1. The Infrastructure of a Traditional Electrical Power Grid
The existing power system is representing by a central power generating and delivering to the end user loads. The existing electrical power system includes a traditional electrical power generation station, a set of step up/step down power transformers, and a network of transmission and distribution lines as mentioned by Hussain (2020), and Ali (2020). The electrical loads are dividing into two castigates, residential loads, and industrial loads.

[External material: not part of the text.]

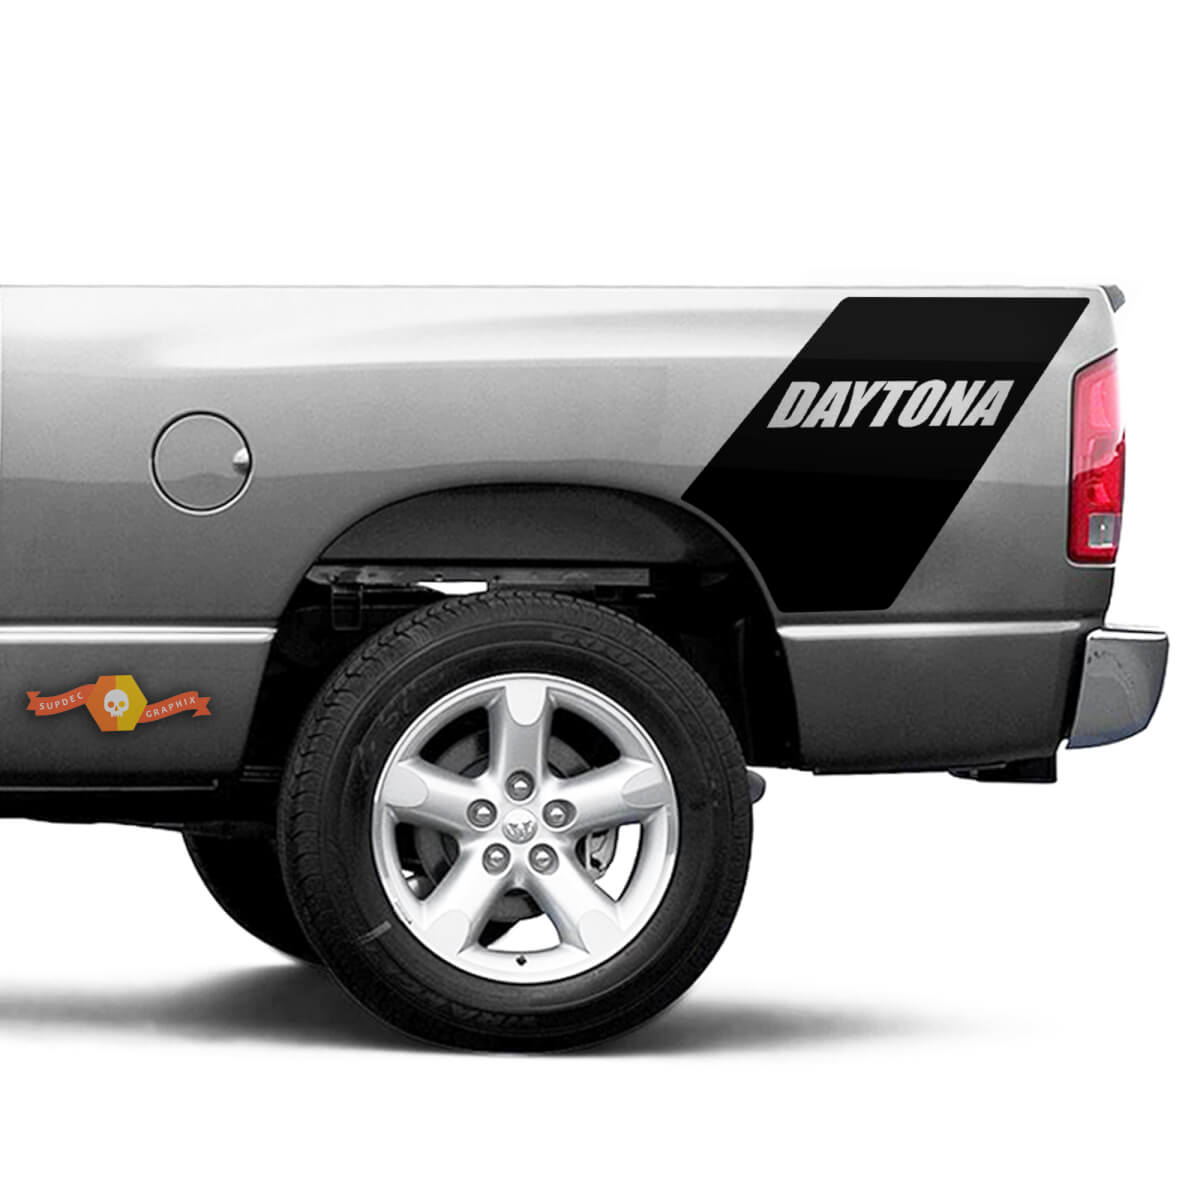 Daytona Dodge Ram 1500 Bed Side Racing Heckstreifen Vinyl-Aufkleber

Different levels of load current may be drawn from the electrical utility by the residential appliances, in a range of 0.1 A to 25 A based on the electrical load type or function, for example a one set of LED lamp of 20 W/220 V can work with rated power 20 W, while an air conditioner can work with rated current 15 A. Whereas most of industrial field electrical loads can be represented by single or three phase induction motors of a different horse power HP range which can be started from 0.5 HP (1 HP = 746 W) horse power to many tens of HP as shown by Hussain (2017), Hussain (2020), Hussain et al. (2018), Hussain and Ali (2016).
Michael et al. (2017) showed a traditional electrical power grid in Figure 1, which includes electrical generators rotating by a mechanical power of a high pressure and temperature steam produced using fossil fuels. Step up power transformers are also included in the traditional power generation system to increase the level of AC voltage for transmitting with low AC current to reduce the transmission line losses. Whereas on the side of end user, there are step down transformers to have low voltage which should be suitable to be delivered to the connected AC loads as demonstrated by Shahzad et al. (2015), Anyaka, and Olawoore (2014), and Lei et al. (2015).
Figure 1. A traditional electrical power grid (Michael et al. 2017)